È da questo mondo di atrocità e violenza che Aboubacar e sua moglie sono scappati. Lo hanno fatto come centinaia di altri migranti africani, a bordo di una delle tante carrette del mare che tentano di solcare il Mediterraneo. Ai due giovani guineiani è andata bene: sono stati soccorsi prima che accadesse il peggio, sono giunti incolumi nel porto di Catania e da lì trasferiti in provincia di Milano, ospiti del centro di accoglienza “La Tenda di Abramo” di Amici dei Bambini. Una palazzina come tante dell’hinterland milanese che al suo interno nasconde un calore che chi ha dovuto fronteggiare violenze di ogni genere e un viaggio a contatto con la morte, forse neanche sognava più. Ecco perché Aboubacar il suo sogno dice di averlo già realizzato quasi del tutto.

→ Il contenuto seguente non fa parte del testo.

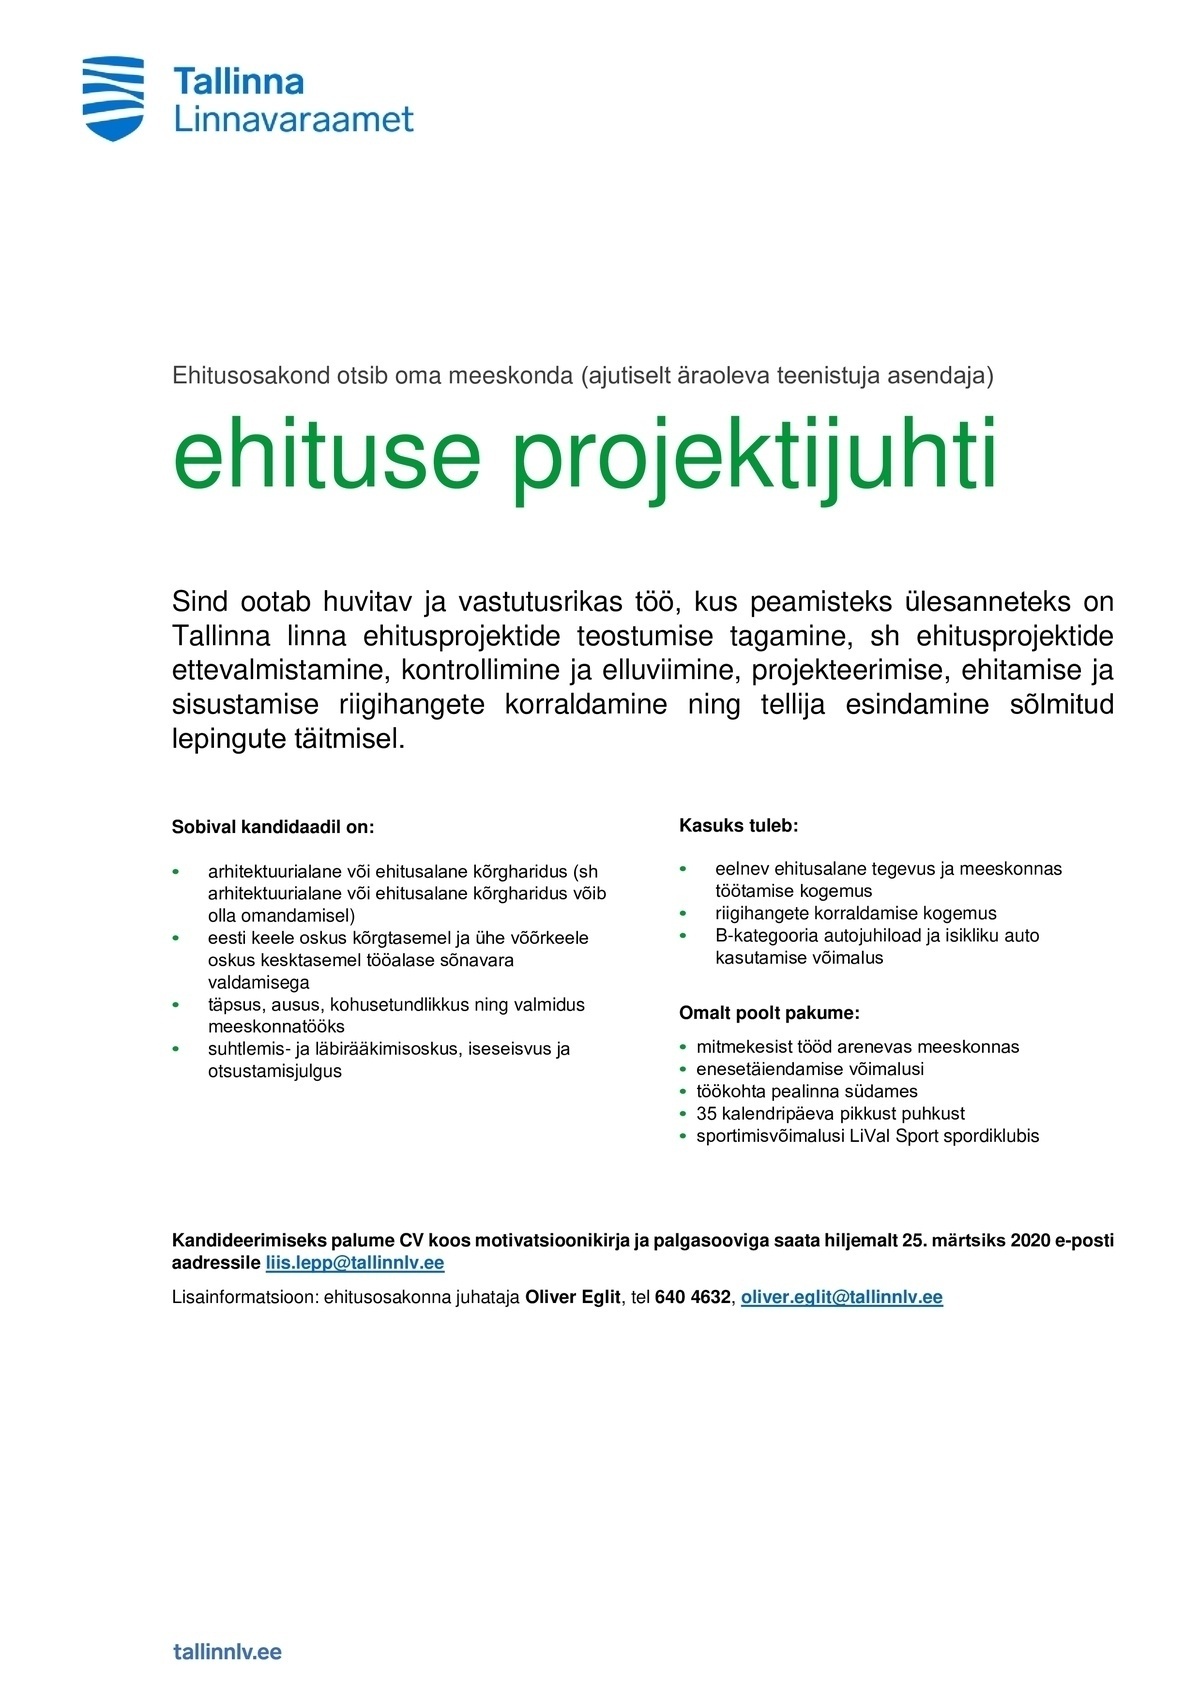 TALLINNA LINNAVARAAMET Ehituse projektijuht (ajutiselt äraoleva teenistuja asendaja)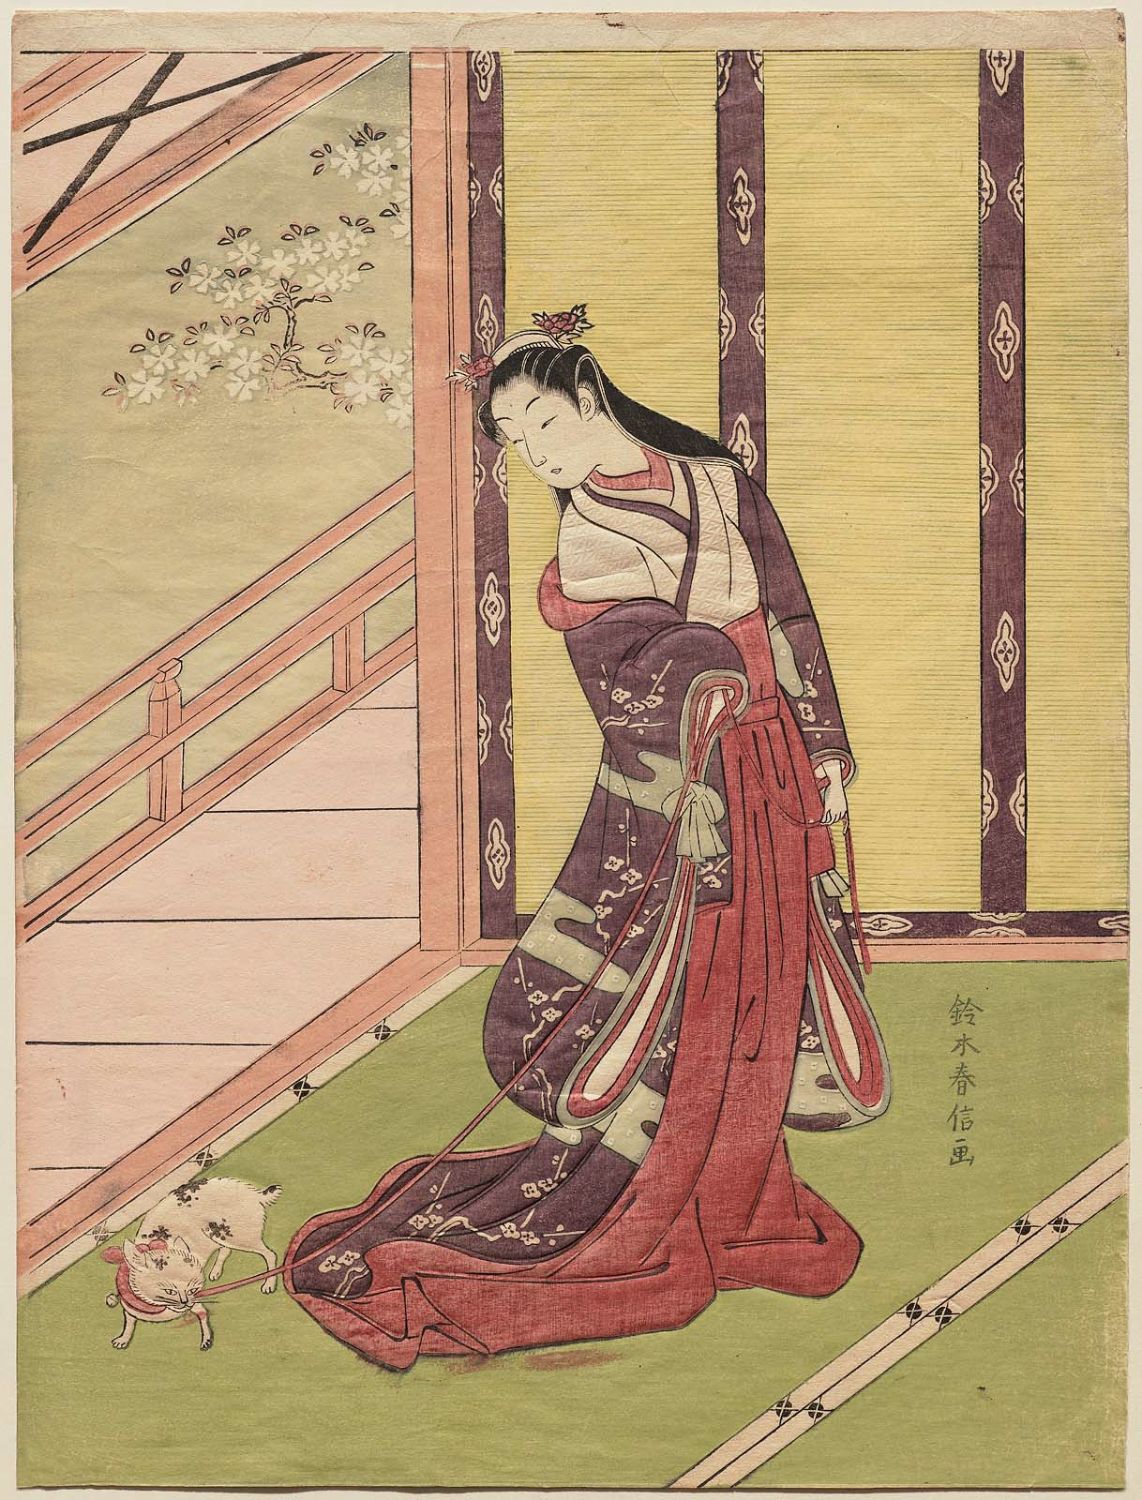 鈴木春信: The Third Princess (Nyosan no miya) and Her Cat

Insieme a lui incontriamo Lateef, 26enne nigeriano, anche lui con la passione per il calcio. Arriva da Lagos, dove lavorava in un ristorante. Nella sua città a Pasqua 2012 è iniziata una serie di rapimenti indiscriminati. «Prendevano le persone, uomini, donne, bambini – racconta in inglese fluente –, le portavano nelle foreste e di loro non si sapeva più nulla». Anche lui ha deciso di fuggire con la sua donna. Il passaggio dalla Libia è durato circa 2 anni e poi, finalmente, la partenza per l’Italia. Dopo 4 giorni in mare, la nave che li ha soccorsi li ha fatti sbarcare in Calabria. Quindi il viaggio verso Milano: prima all’oratorio di Bruzzano e poi alla “Tenda di Abramo”. Sono stati proprio loro due i primi ospiti della struttura. Anzi, loro tre: perché anche la moglie di Lateef è incinta di un bambino, la cui vita, quantomeno, inizierà al sicuro.
Lateef e Aboubacar sono due di quelli che ce l’hanno fatta e che probabilmente ce la faranno anche in futuro. Hanno fatto richiesta di asilo, continuano ad allenarsi sognando di poter fare i calciatori anche nel Paese di Totti e Buffon, coltivano l’amore all’interno della loro famiglia e aspettano con ansia che i loro figli vengano al mondo. Un mondo in cui, finalmente, non hanno nulla da temere. E in cui i colpi di scena, almeno per ora, sono stati tutti positivi: come l’arrivo alla “Tenda di Abramo” di un’altra coppia di profughi che, appena entrati, sono corsi ad abbracciare Aboubacar e sua moglie. Erano insieme durante quegli interminabili mesi in Libia, in balìa degli scafisti, che caricavano sui barconi chi poteva pagare di più e lasciavano a terra gli altri. Anche loro ce l’hanno fatta e ora hanno ritrovato i loro compagni di viaggio.
La giusta accoglienza, oltre a salvare, unisce. I loro racconti sono la migliore testimonianza di come “La Tenda di Abramo” sia una struttura d’accoglienza a misura di famiglia. Piccoli numeri – non più di 8 nuclei familiari per un massimo di 20 persone – ma grande calore e attenzione a ogni necessità di ciascun ospite. Un’accoglienza più degna anche se più onerosa. Ma necessaria per prevenire i brutti episodi legati all’immigrazione di cui troppo spesso si legge. Per sostenerla, Ai.Bi. ha attivato un Sostegno a Distanza specifico: un atto di generosità per un’accoglienza più giusta.